A few functions look at data outside of a single interval, but these functions
do not look at data outside of a single group, and these functions are typically
used during preparation for NCA calculations not for the calculations
themselves. Functions that look at a group as a whole include
`choose.auc.intervals`, `find.tau`, and `pk.tss`.
## Automatic Interval Determination
If intervals are not specified when combining the concentration and dosing data,
they will automatically be found from the concentration and dosing data.
Single dose data has a simple interval selection: the option `single.dose.aucs`
is used from the `PKNCA.options`.
```{r asis=TRUE, echo=FALSE}
knitr::kable(PKNCA.options()$single.dose.aucs)
```
For multiple-dose studies, PKNCA selects one group at a time and compares the
concentration and dosing times. When there is a concentration measurement
between doses, an interval row is added. The dosing interval ($\tau$) is
determined by looking for pattern repeats within the dosing data using the
`find.tau` function.
```{r}
## find.tau can work when all doses have the same interval...
dose_times <- seq(0, 168, by=24)
print(dose_times)
PKNCA::find.tau(dose_times)
## or when the doses have mixed intervals (10 and 24 hours).
dose_times <- sort(c(seq(0, 168, by=24),
seq(10, 178, by=24)))
print(dose_times)
PKNCA::find.tau(dose_times)
```
After finding $\tau$, PKNCA will also look after the last dose (or the beginning
of the last dosing interval), and two additional intervals may be added:
* one interval for the dosing interval after the beginning of the last dosing
interval (if there are concentrations measured in the interval)
* one interval for the half-life after the last dosing interval (if there are
concentration more than $\tau$ after the beginning of the last interval).
One consequence of automatic interval selection is that many rows are generated
for intervals; one row is generated per interval per subject. The benefit of
the method producing a large number of rows is that it is fully flexible to the
actual study results. If a subject has a different schedule than the others for
the same treatment (e.g. measurements that were nominally scheduled for day 14
occurred on day 13), those differences will be found.

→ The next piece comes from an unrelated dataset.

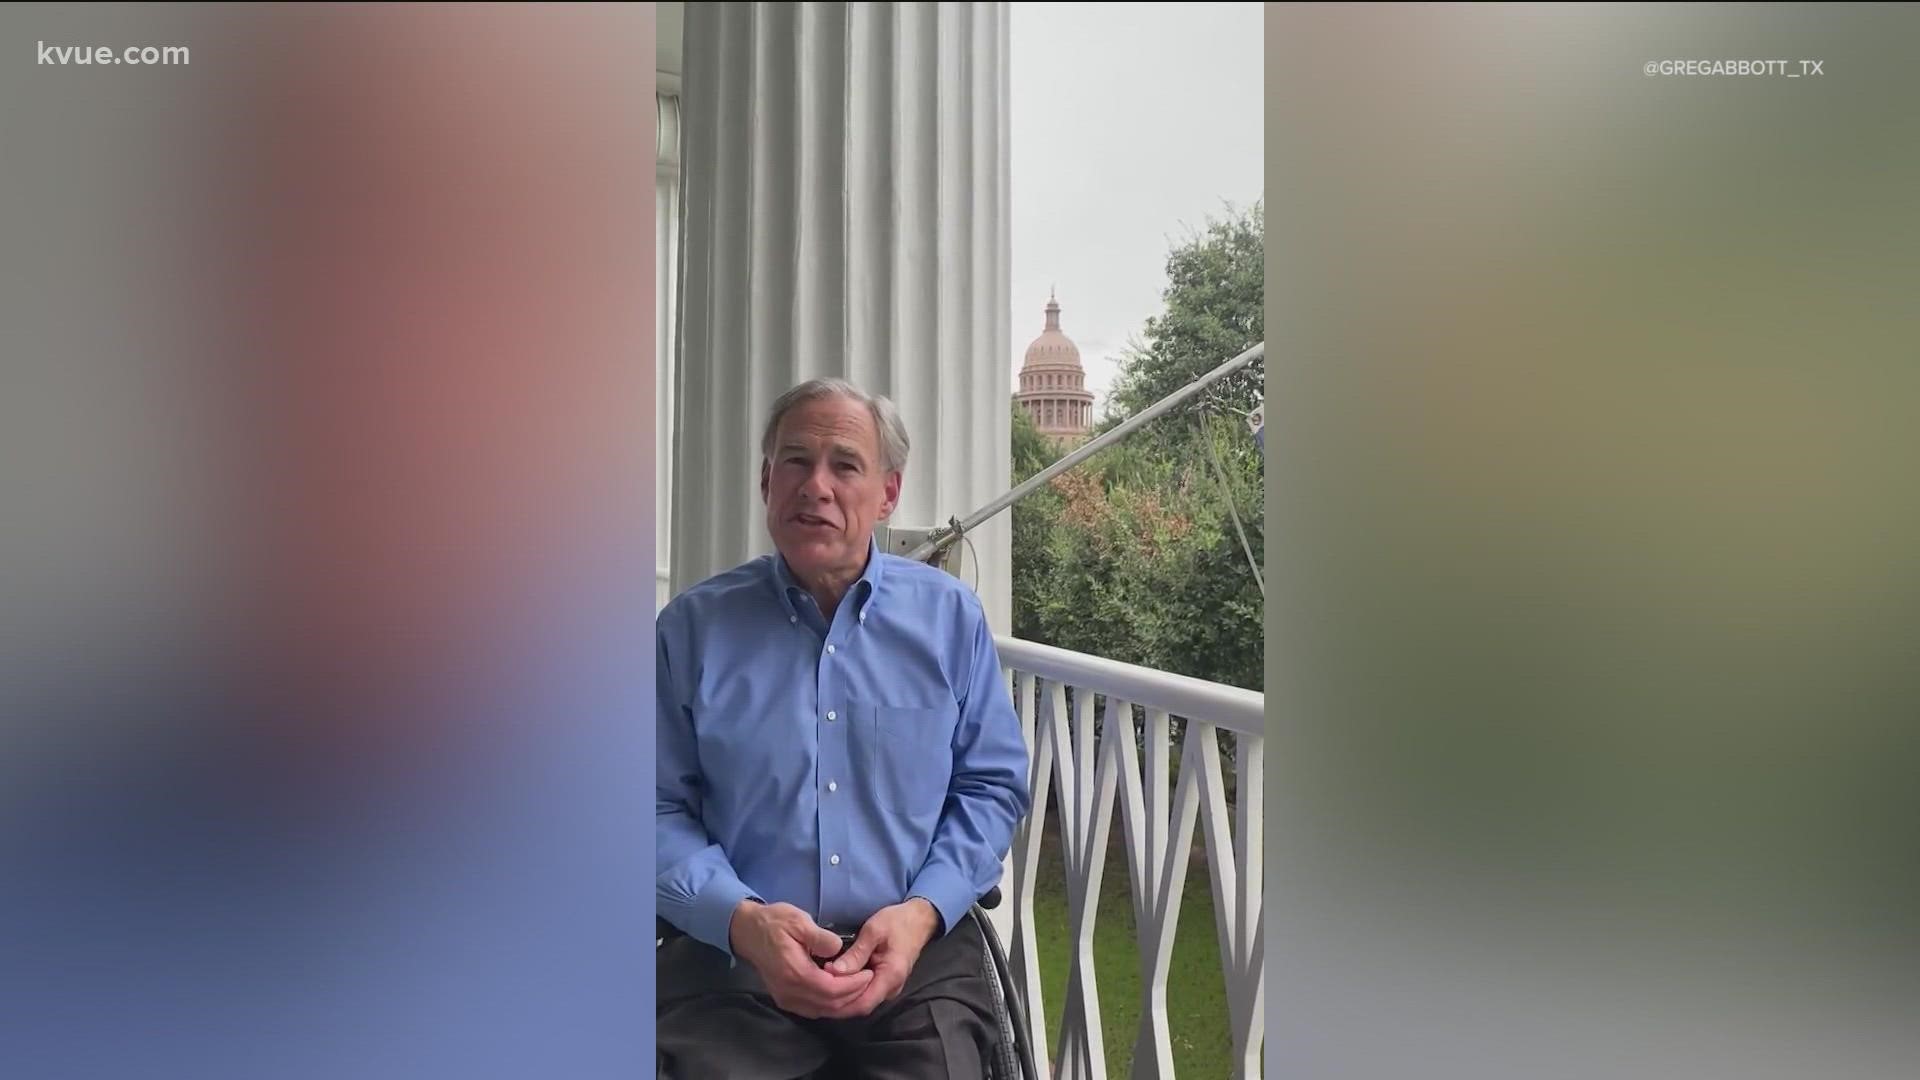 Gov. Greg Abbott has tested positive for COVID-19. He said the vaccine may be why he has no symptoms.
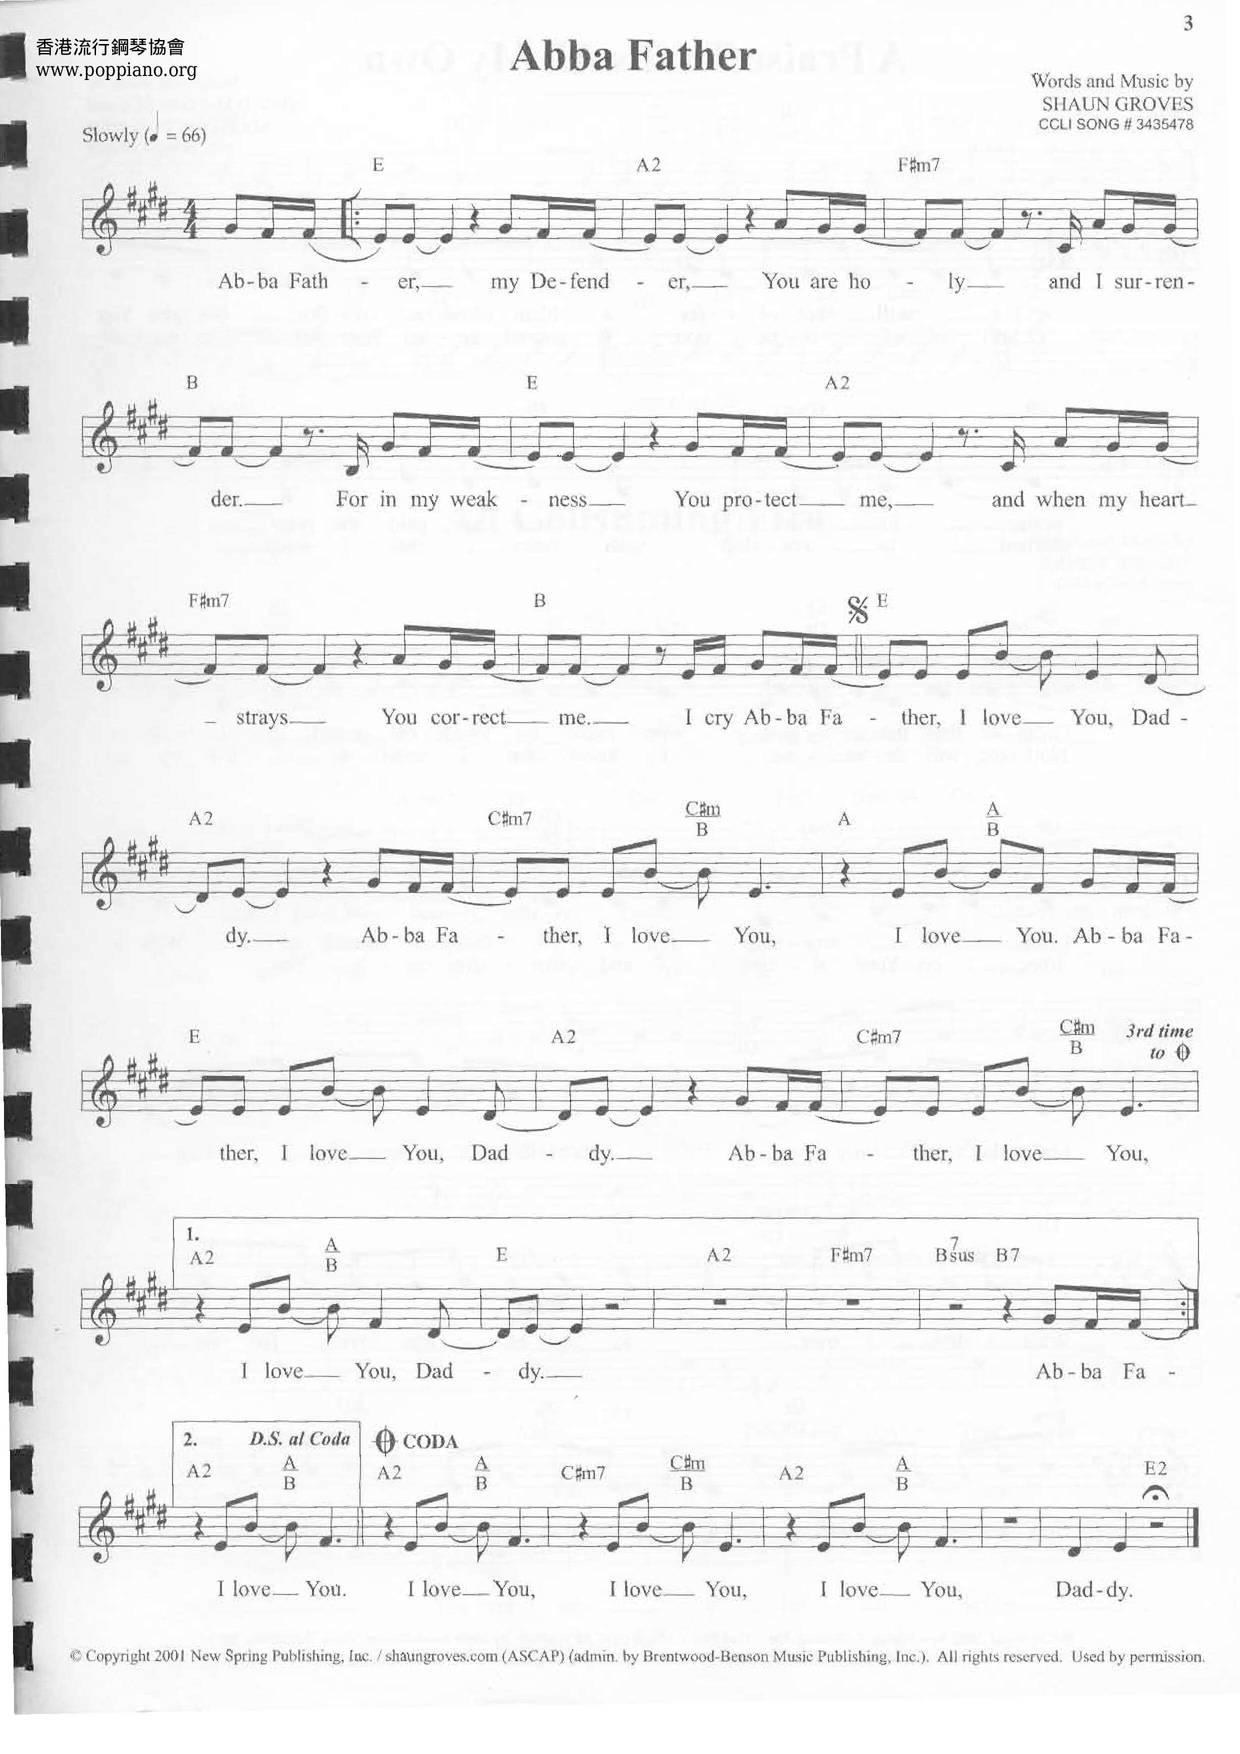 Praise & Worship Songbook 62 Pages Score

## Manual Interval Specification
Intervals can also be specified manually. Two use cases are common for manual
specification: fully manual (never requesting the automatic intervals) and
updating the automatic intervals.
Fully manual intervals can be specified by providing it to the `PKNCAdata` call.
```{r eval=FALSE}
intervals_manual <-
data.frame(
start=0, end=c(24, Inf),
cmax=c(FALSE, TRUE),
tmax=c(FALSE, TRUE),
auclast=TRUE,
aucinf.obs=c(FALSE, TRUE)
)
data_obj <-
PKNCAdata(
conc_obj, dose_obj,
intervals=intervals_manual
)
```
To update the automatically-selected intervals, extract the intervals, modify them, and put them back.
```{r eval=FALSE}
data_obj <- PKNCAdata(conc_obj, dose_obj)
intervals_manual <- data_obj$intervals
intervals_manual$aucinf.obs[1] <- TRUE
data_obj$intervals <- intervals_manual
```
## Keeping a column from intervals
When computing NCA using actual times, grouping by start and end time in
summaries (see layer) is less helpful because everyone could have different
start and end times. So, you may keep the interval columns using the option
`"keep_interval_cols"` as follows (where "dosetype" must be a column name in the
intervals):
```{r eval=FALSE}
data_obj <- PKNCAdata(conc_obj, dose_obj, options = list(keep_interval_cols = "dosetype"))
```
# Summarizing results
When NCA has been calculated, you can summarize the results with the `summary()`
function.
```{r eval=FALSE}
summary(o_nca)
```
By default, it will count the number of unique subjects (`N`) in the summary, and
when the number of subjects differs from the number of measurements included in
a summary (`n`), it will summarize `n` for the given parameters. Note that
counting of "n" includes all non-missing values that were not excluded from
summarization; this will included all zeros that are e.g. excluded from
geometric statistics.
Edge cases like two unique subjects where one has an excluded value and one has
duplicated values (`N = 2` and `n = 2` even though both measurements come from a
single subject) are to be handled by the user.